• Data block:
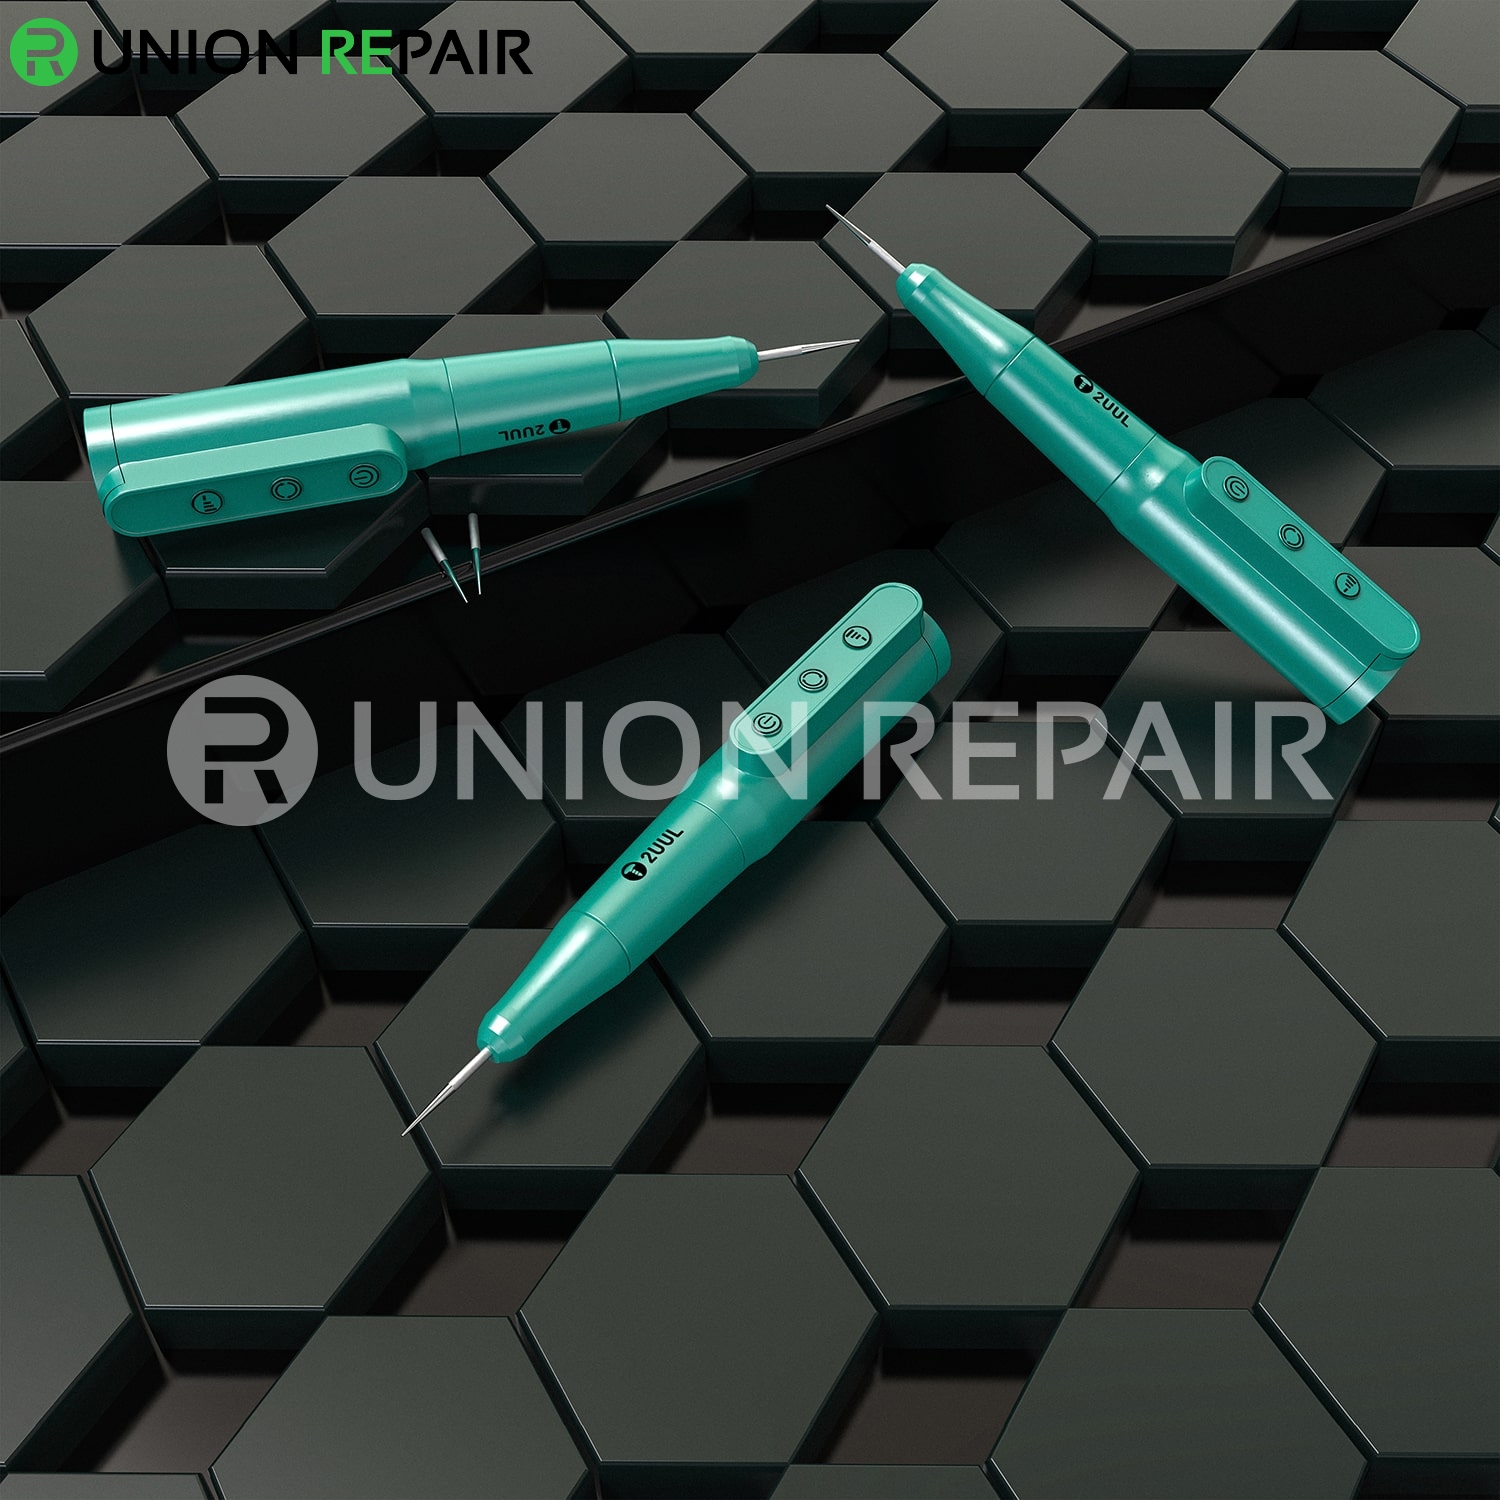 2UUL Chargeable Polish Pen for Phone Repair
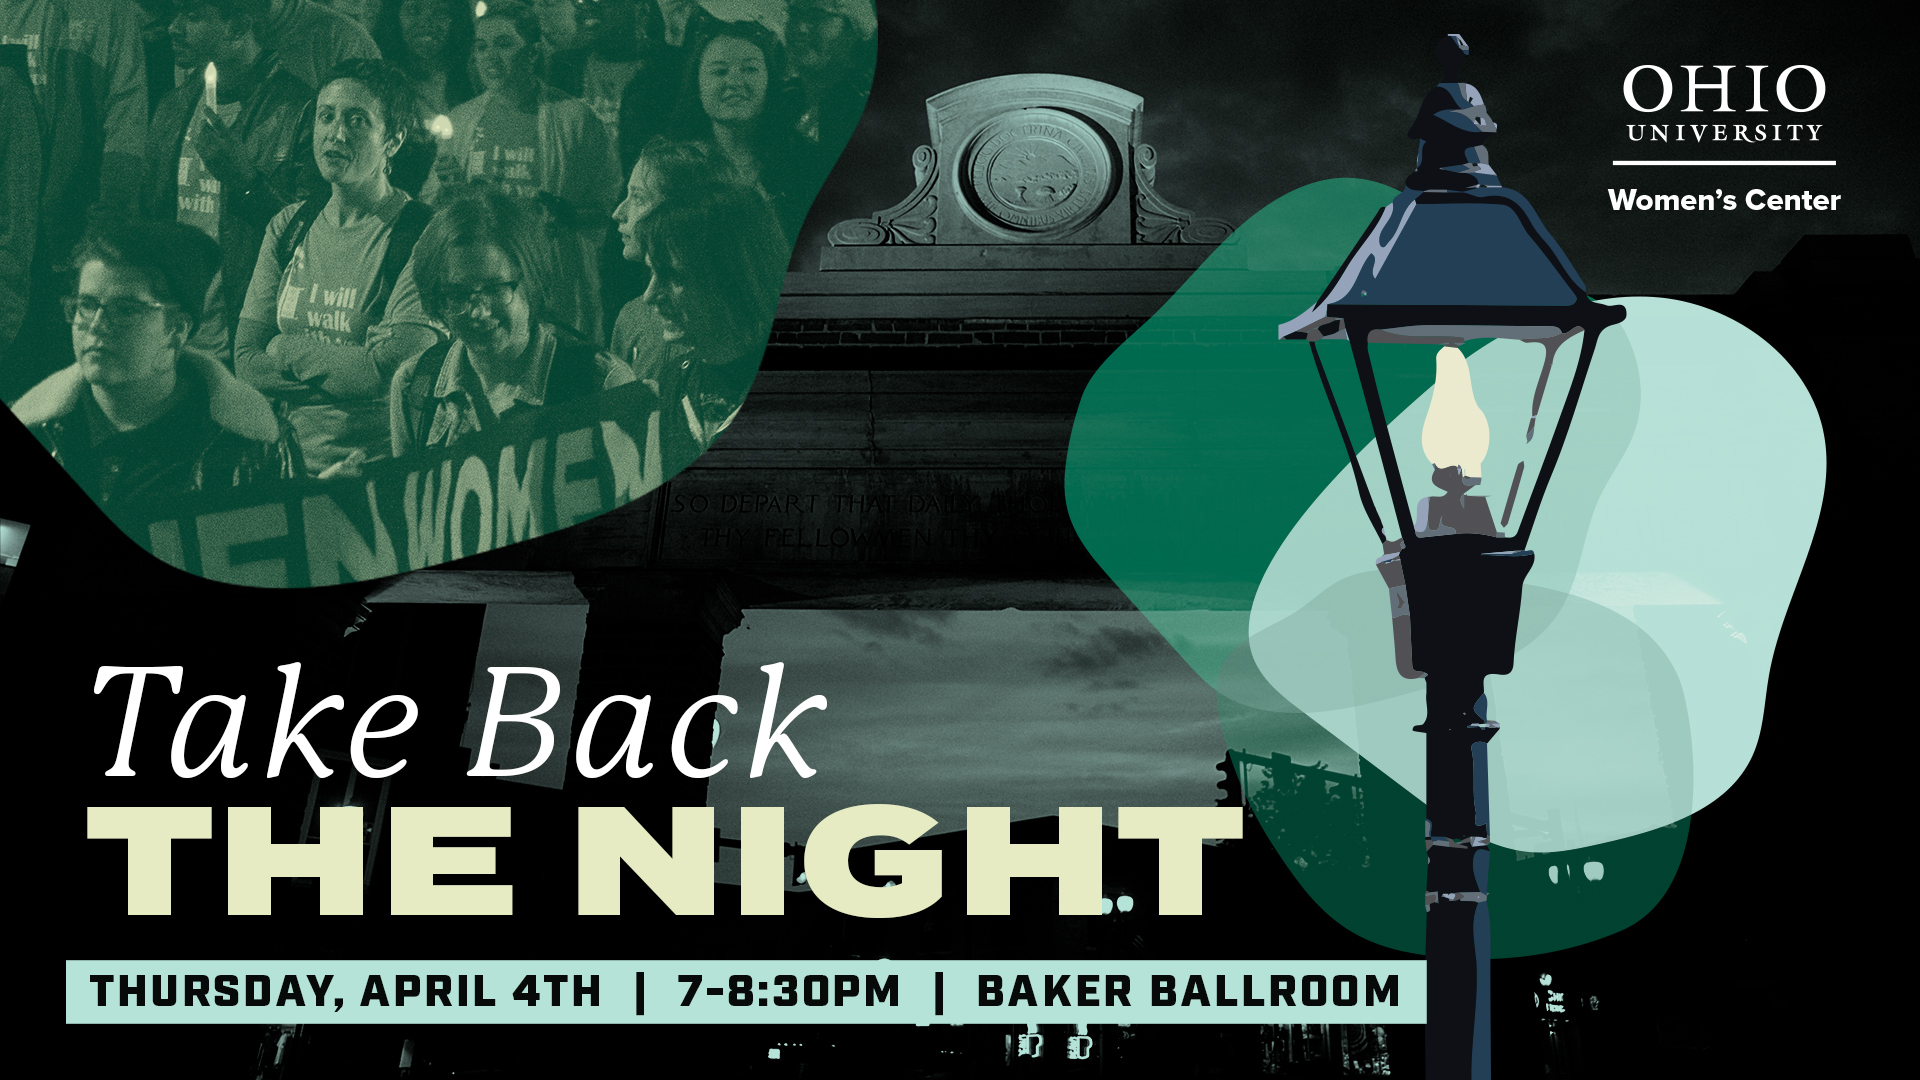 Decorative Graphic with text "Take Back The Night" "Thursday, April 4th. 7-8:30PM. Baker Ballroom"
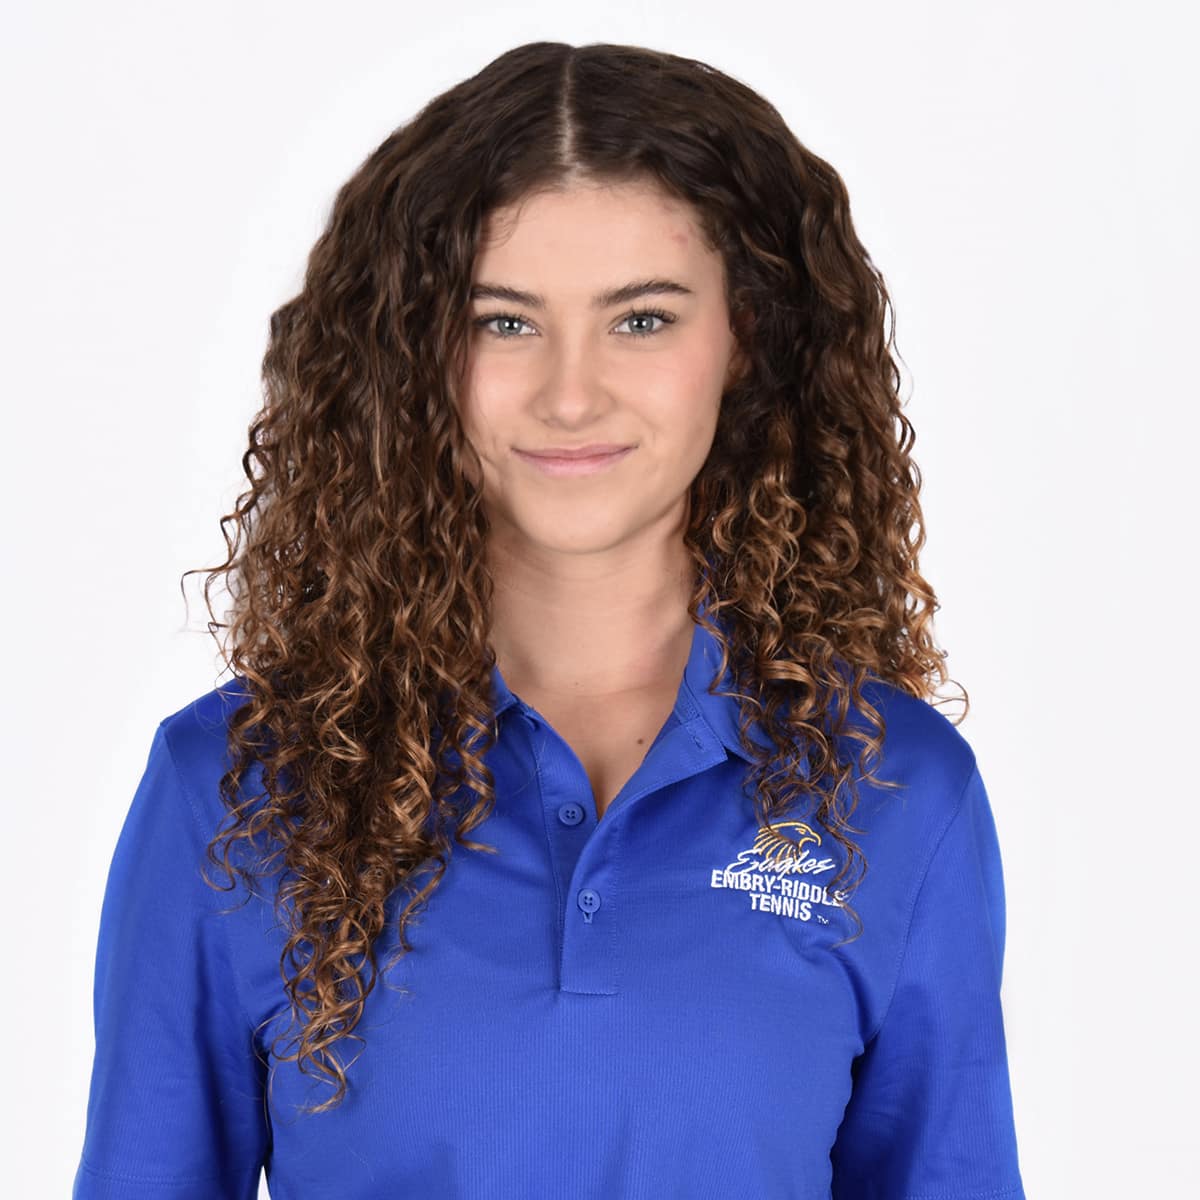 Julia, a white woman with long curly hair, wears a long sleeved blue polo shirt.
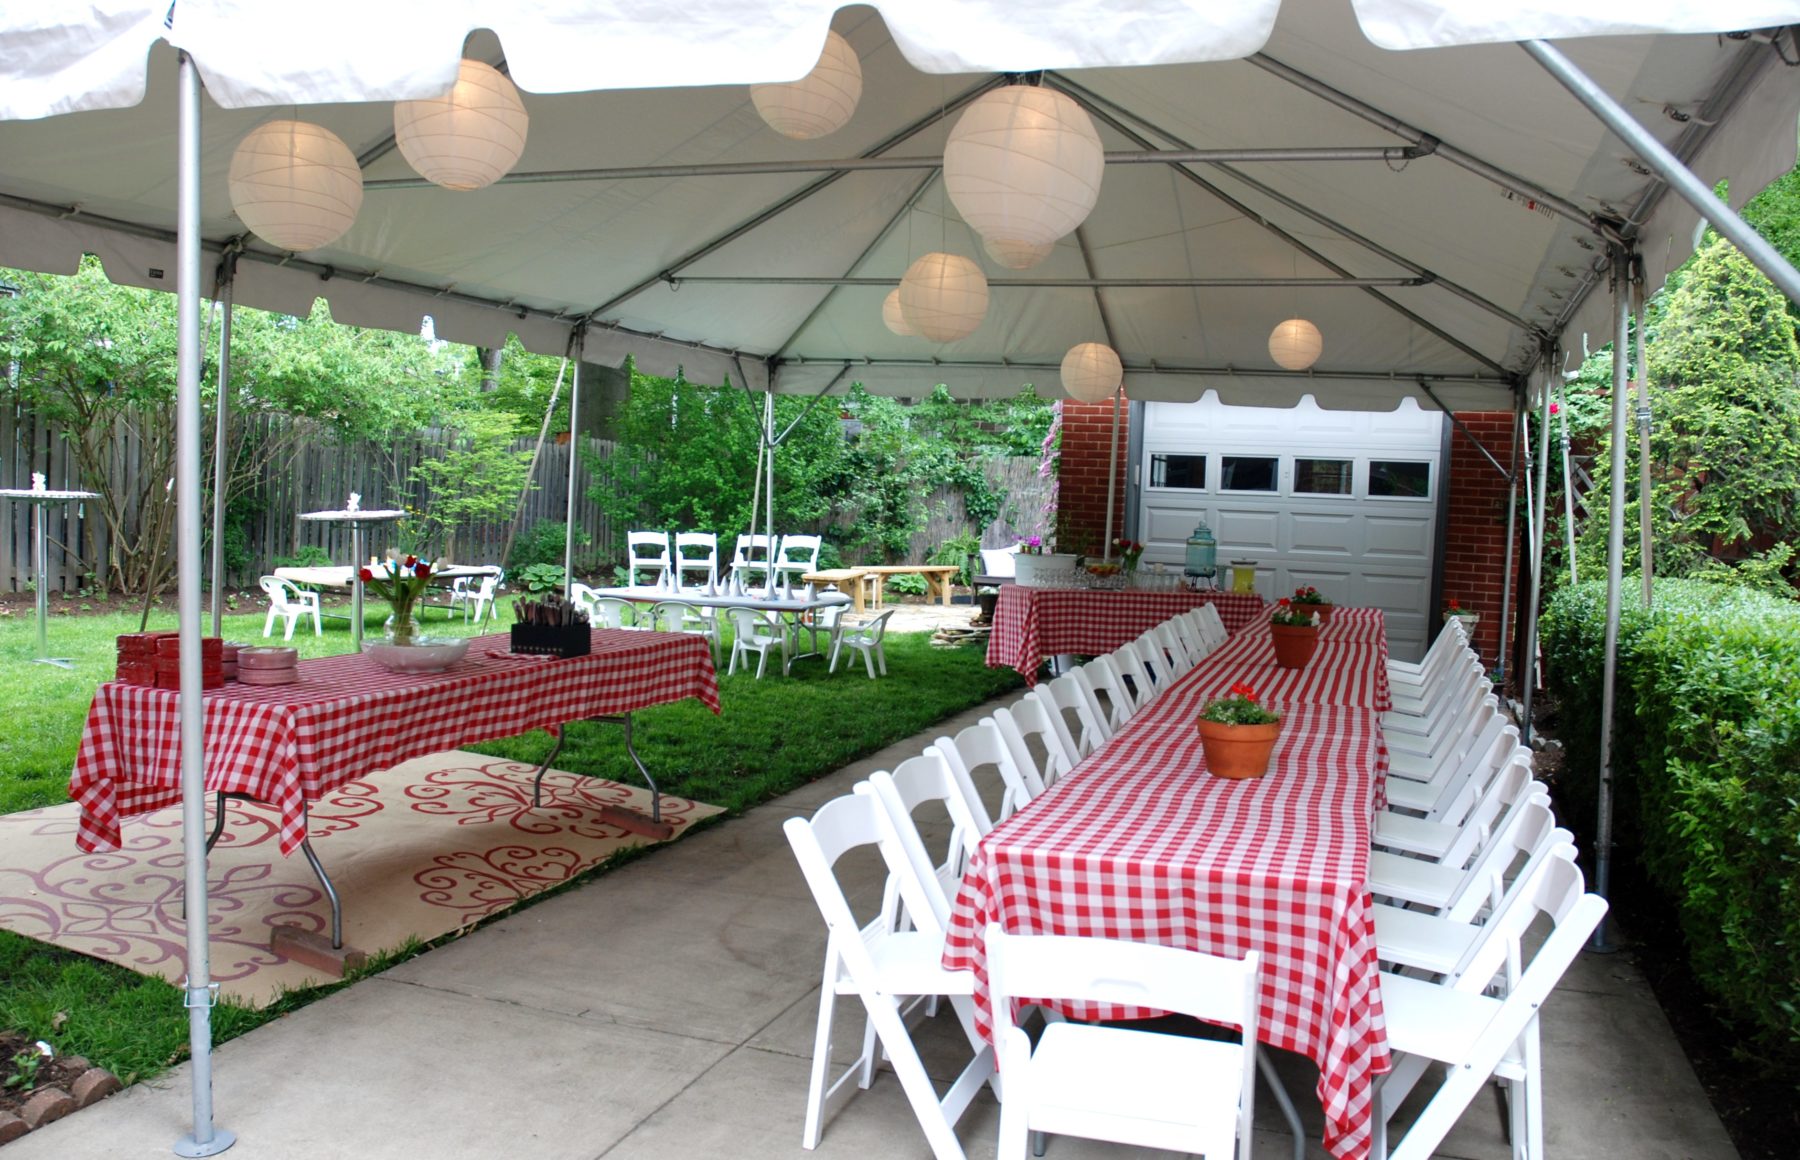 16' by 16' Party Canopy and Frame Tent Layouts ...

• Aim of the exercise: Before copying the material, set its pictures aside; then transcribe it word for word.

• Response area:
 2UUL Chargeable Polish Pen for Phone Repair
 Decorative Graphic with text "Take Back The Night" "Thursday, April 4th. 7-8:30PM. Baker Ballroom"
 Julia, a white woman with long curly hair, wears a long sleeved blue polo shirt.
 16' by 16' Party Canopy and Frame Tent Layouts ...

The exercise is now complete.